During the OFC, two young farmers also went head to head to debate the pros and cons of renewable energy. Matthew Sharp, former Chairman of Ponteland YFC, and Duncan Howie, Maldon YFC, took part in the debate at the Oxford Union, entitled: ‘This house believes that green energy is not worth the carbon it takes to produce’. After a heated discussion, Duncan won the debate with his positive views on renewable energy. 

An alternative event also runs alongside the OFC called the Oxford Real Farming Conference (OFRC). It was set up to discuss good food; a secure and beautiful countryside and plenty of satisfying jobs.

Member Becca Watkins attended the event and joined Julie Ingram of the Countryside and Community Research Institute and Robert Jeffery from NewLandOwner to lead an impassioned discussion on family farming.

Becca said: “We highlighted, both from personal experience and scientific research, the many unique and important features of family farms. I went on to discuss how, although many agree that family farms are desirable, the practicalities of living and working with your relatives are not always appealing to young people.”

Becca went on to suggest some possible approaches to solving these issues, which included training and new opportunities such as share farming, and diversifying the farm business to accommodate more partners.

“The most important aspect I felt was improving family communication, for instance using allocated time and space for business discussions, separating it from the family's personal time. We acknowledged that a cultural change is needed to allow older farmers to retire and pass on their land sooner, while trusting that young farmers and new entrants are suitably skilled.”

For more information about the Oxford Farming Conference, click here and for the Oxford Real Farming Conference, click here.


25 January 2014

Members got the opportunity to see inside an abattoir and learn more about food production and livestock at a recent training event with EBLEX. 

Two regional Meat for the Market training courses for Beef and Lamb were held in Lancashire and Chesterfield and passed on practical farming business skills.

Participants were asked to handle the animals and to classify and judge the weights of them before they were slaughtered and then compared their results when they were shown the carcasses.

The course also taught members about food safety, how to produce meat for today’s consumer and how to get the most profit. There were lots of tips and advice for members who enter stockjudging competitions too.

Emma Tingle, 23, from Cawthorne YFC in Yorkshire is not from a farming background but said the Lamb course has got her one step closer to her dream of owning her own flock of sheep!
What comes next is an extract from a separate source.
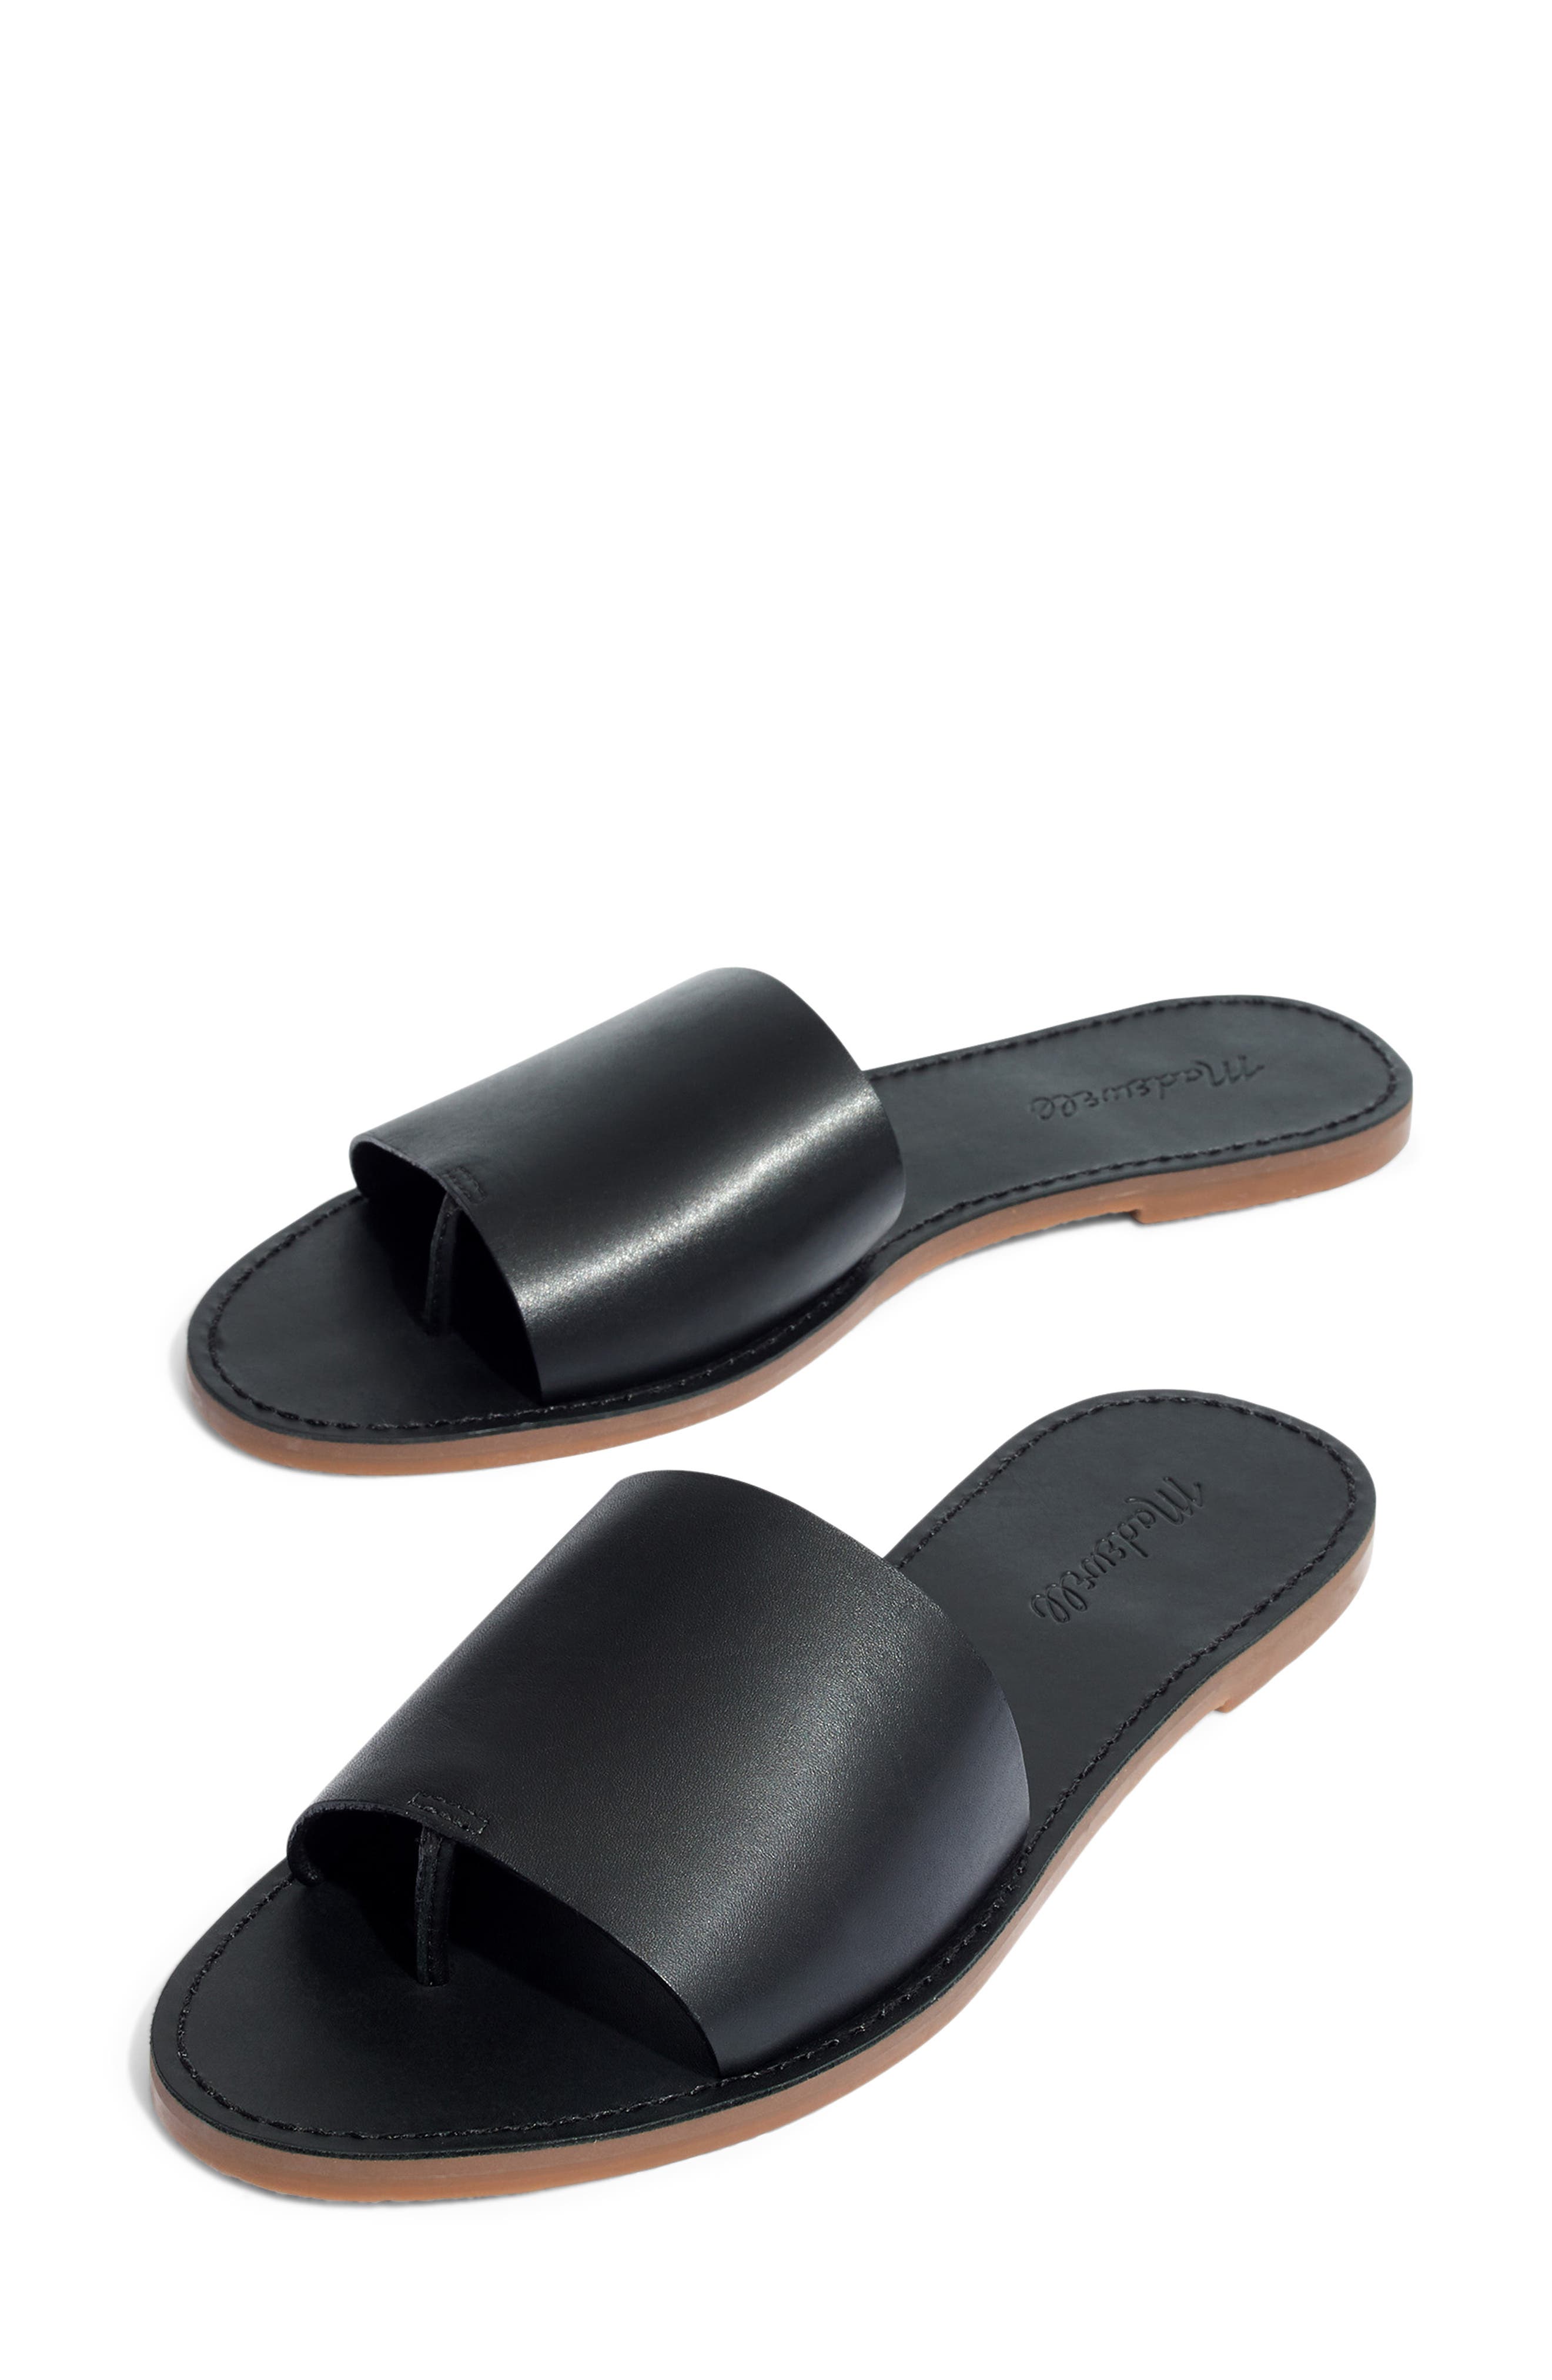 Slide Sandals Clearance, 58% OFF | www.emanagreen.com

“I would love to have my own sheep! I have married a joiner so I don’t know how likely it’s going to be,” said Emma who works for her husband’s building firm. “I had a crack at the live and carcase stockjudging competition last year and ended up in the national finals and came seventh. I really enjoyed it so I decided to go along to this course to get a bit more background and experience.

“When you’re not handling sheep every day and you don’t know what you’re looking for, this course helps to make the links from the live sheep to the carcase more obvious. I would definitely recommend it.”
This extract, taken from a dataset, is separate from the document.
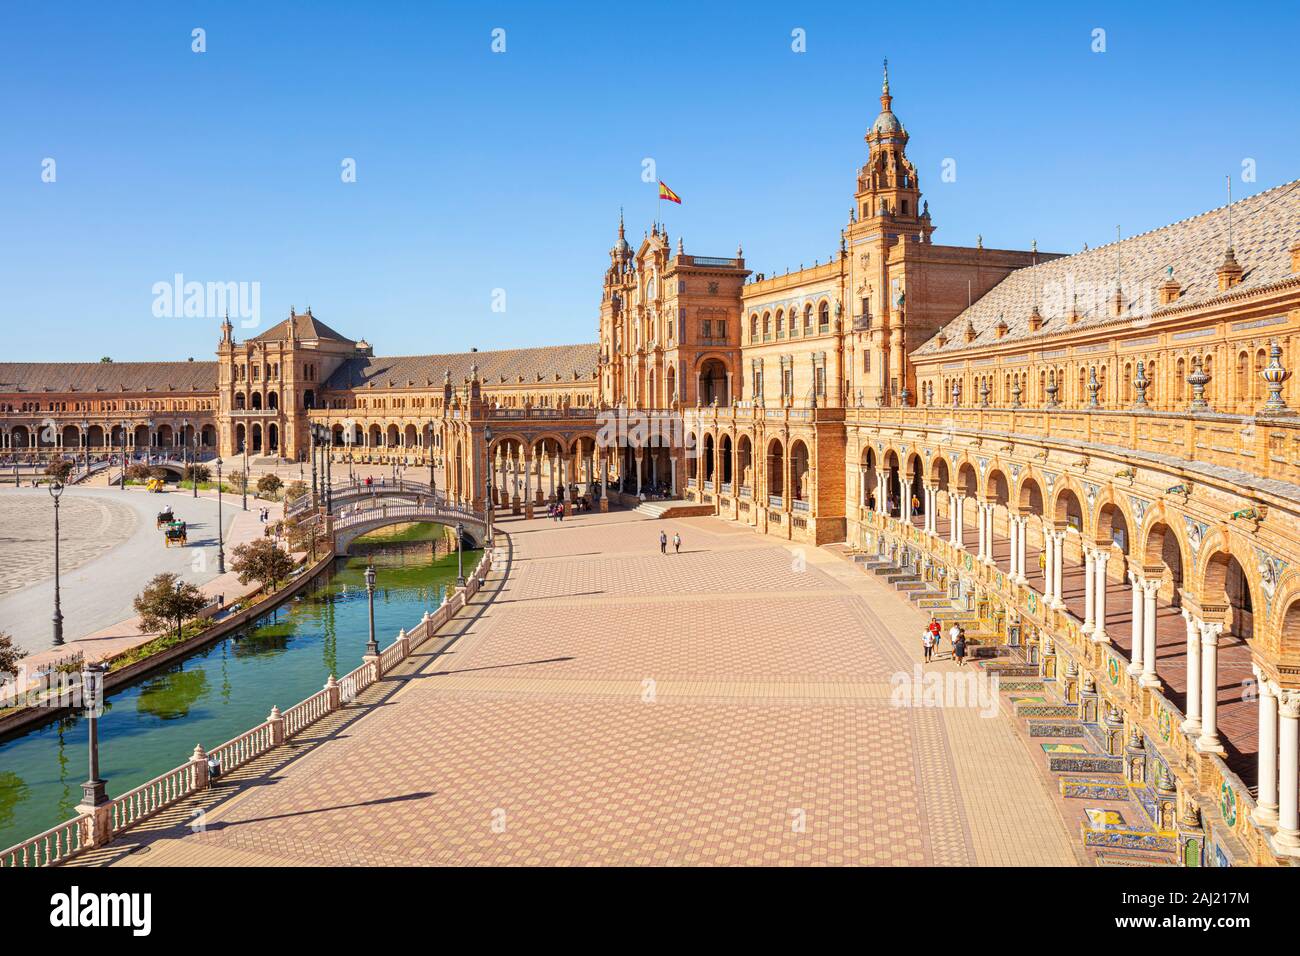 Plaza de Espana with canal and bridge, Maria Luisa Park, Seville, Andalusia, Spain, Europe Stock Photo

Despite it being the first time Emma had been inside an abattoir, she says it hasn’t put her off eating meat.

“I was concerned that as a partial townie I was going to come back a converted vegetarian but I can confirm I am desperate for some Barnsley chops! It was so informative and from a consumer point of view you learn so much more.

“I’m nowhere near a shepherd yet, but I would certainly feel more confident about taking it on now.”

The Meat for the Market training was free for YFC members and NFYFC are looking into future events.